Ship work through PRs and let Gadfly review it before merge:

- **Push to a PR, never straight to `main`.** Branch, push, open a PR.
  `.gitea/workflows/adversarial-review.yml` runs Gadfly (the standalone
  agentic adversarial reviewer) — a fleet of 6 ollama-cloud models, each
  running the 3-lens suite (security, correctness, error-handling). Advisory
  only; it never blocks the merge.
- **Wait for Gadfly to finish, then read its output.** Don't merge while the
  review is still running. Each model posts one consolidated comment; weigh
  every finding on its merits and fix the real ones (Gadfly is a simple
  system — findings are advisory, so confirm before acting).
- **Grade the findings back to the Gadfly MCP.** For each finding, call
  `mcp__gadfly__record_finding_grade`: `is_real=true` + a `severity`
  (trivial|small|medium|high|critical) for a genuine problem, or
  `is_real=false` for a false positive; add `notes`/`usefulness` when
  useful. Use `mcp__gadfly__list_findings` (`only_ungraded=true`) to find
  what still needs grading and `mcp__gadfly__scoreboard` for the per-model
  rollup.
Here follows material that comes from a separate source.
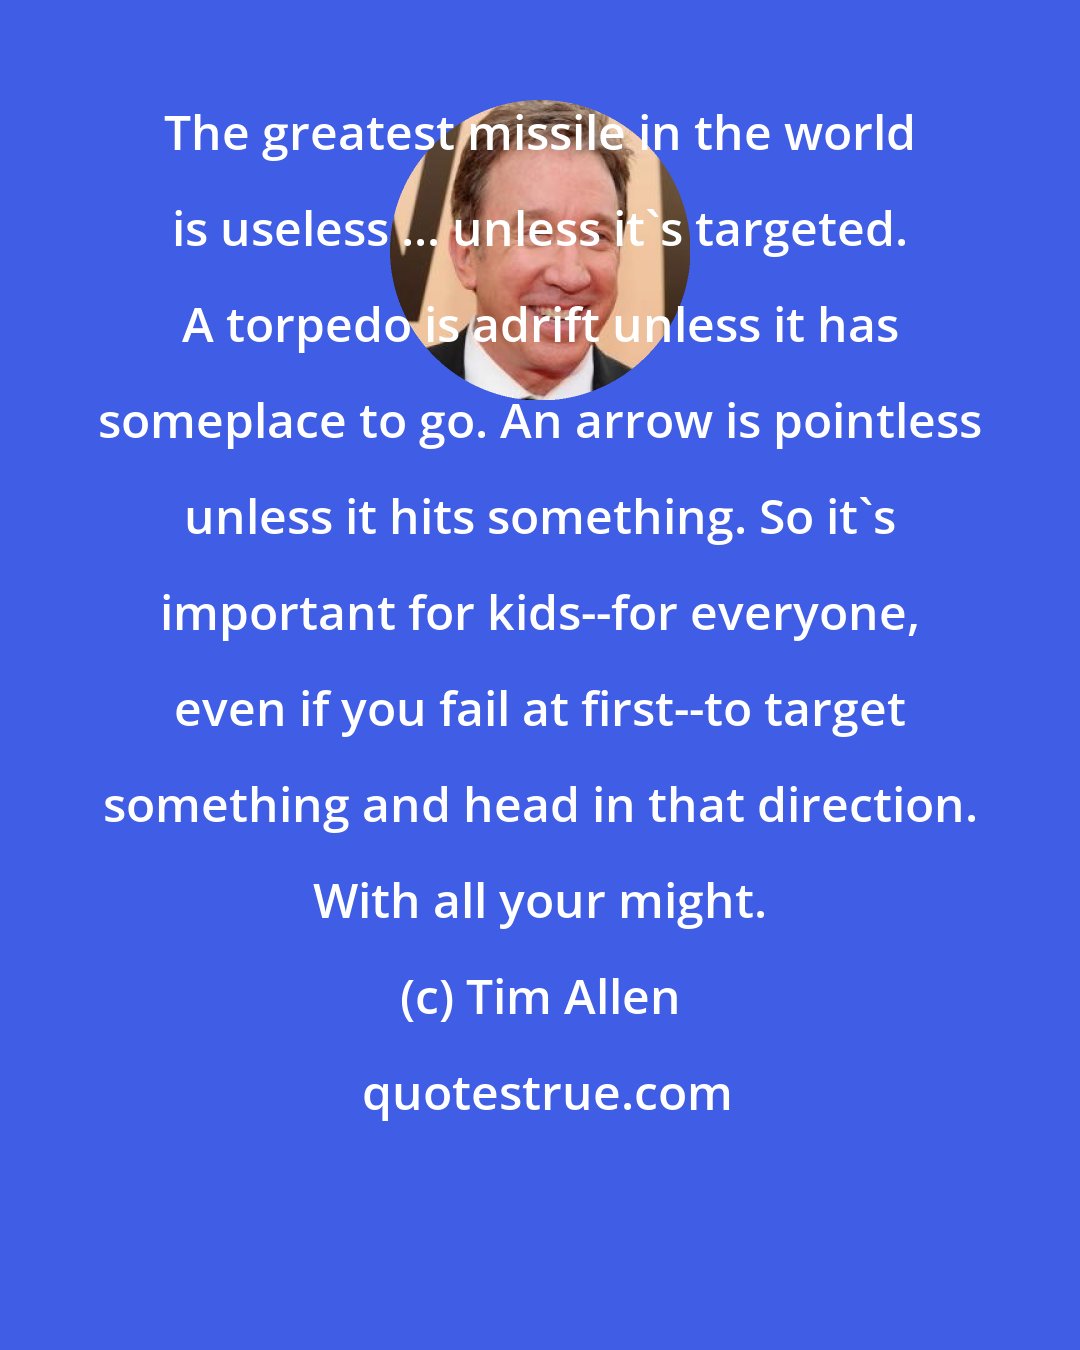 Tim Allen: The greatest missile in the world is useless ... unless it's targeted. A torpedo is adrift unless it has someplace to go. An arrow is pointless unless it hits something. So it's important for kids--for everyone, even if you fail at first--to target something and head in that direction. With all your might.
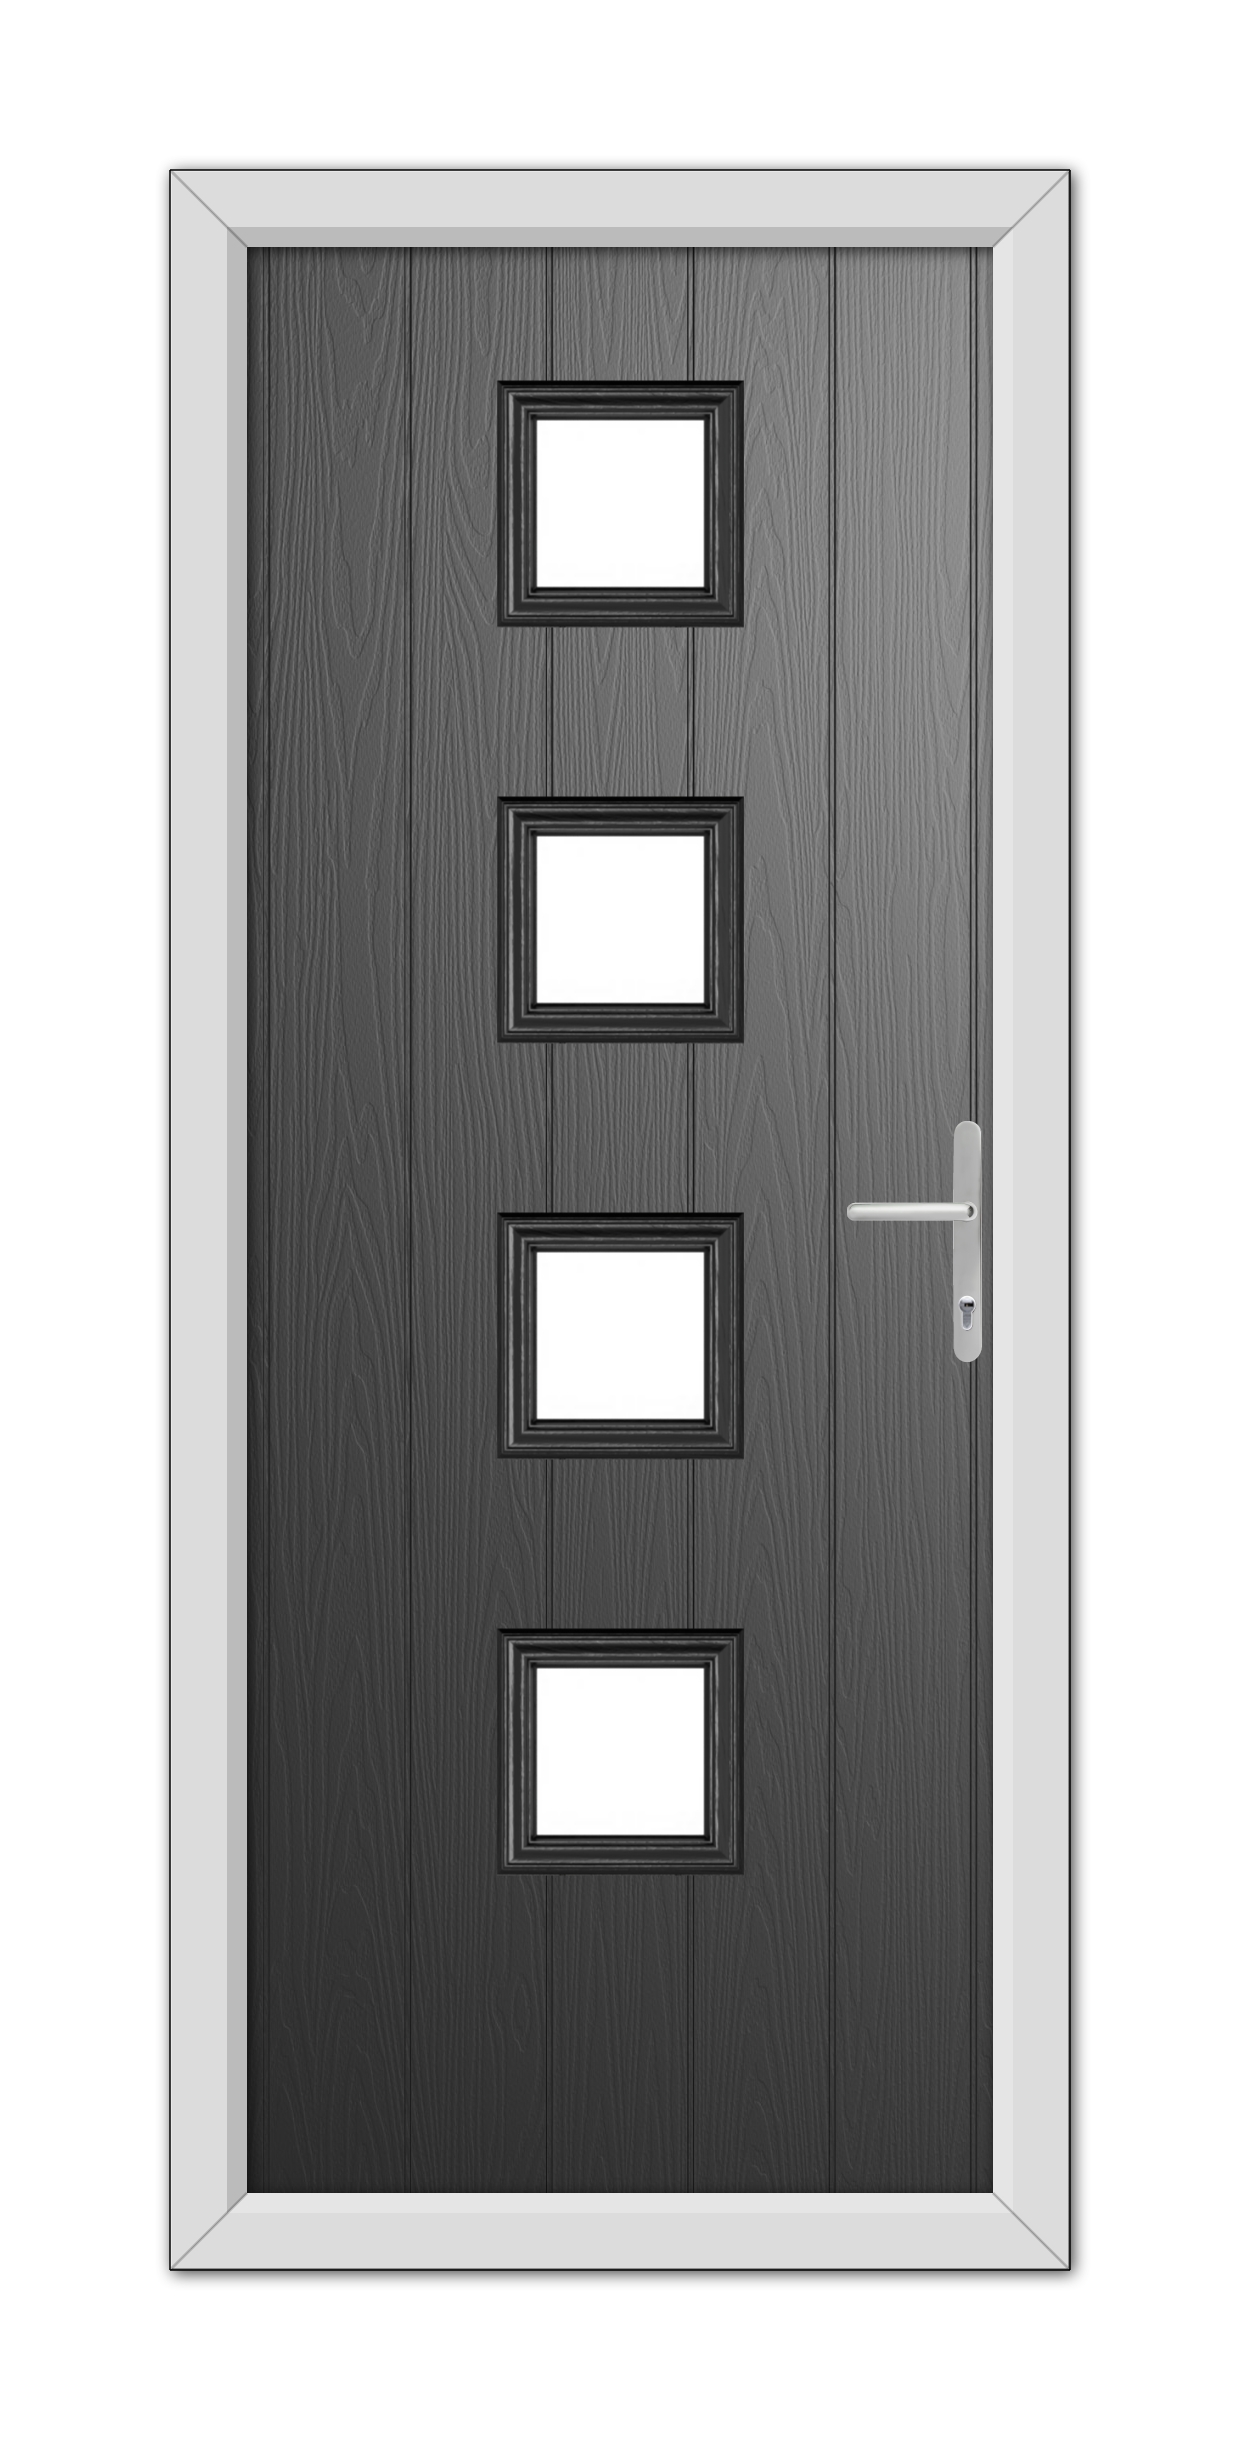 A modern Black Hamilton Composite Door 48mm Timber Core with four rectangular glass panels and a metallic handle, set within a white frame.

This telemetry is how we measure whether each model earns its keep.

## Out of scope (anti-creep)

No persistent store (health is in-memory behind the registry), no
observability/metrics stack, no config-file framework beyond LLM_* env
DSNs, no CLI beyond examples, no provider-specific features leaking into
the canonical API, nothing mort-specific in the library.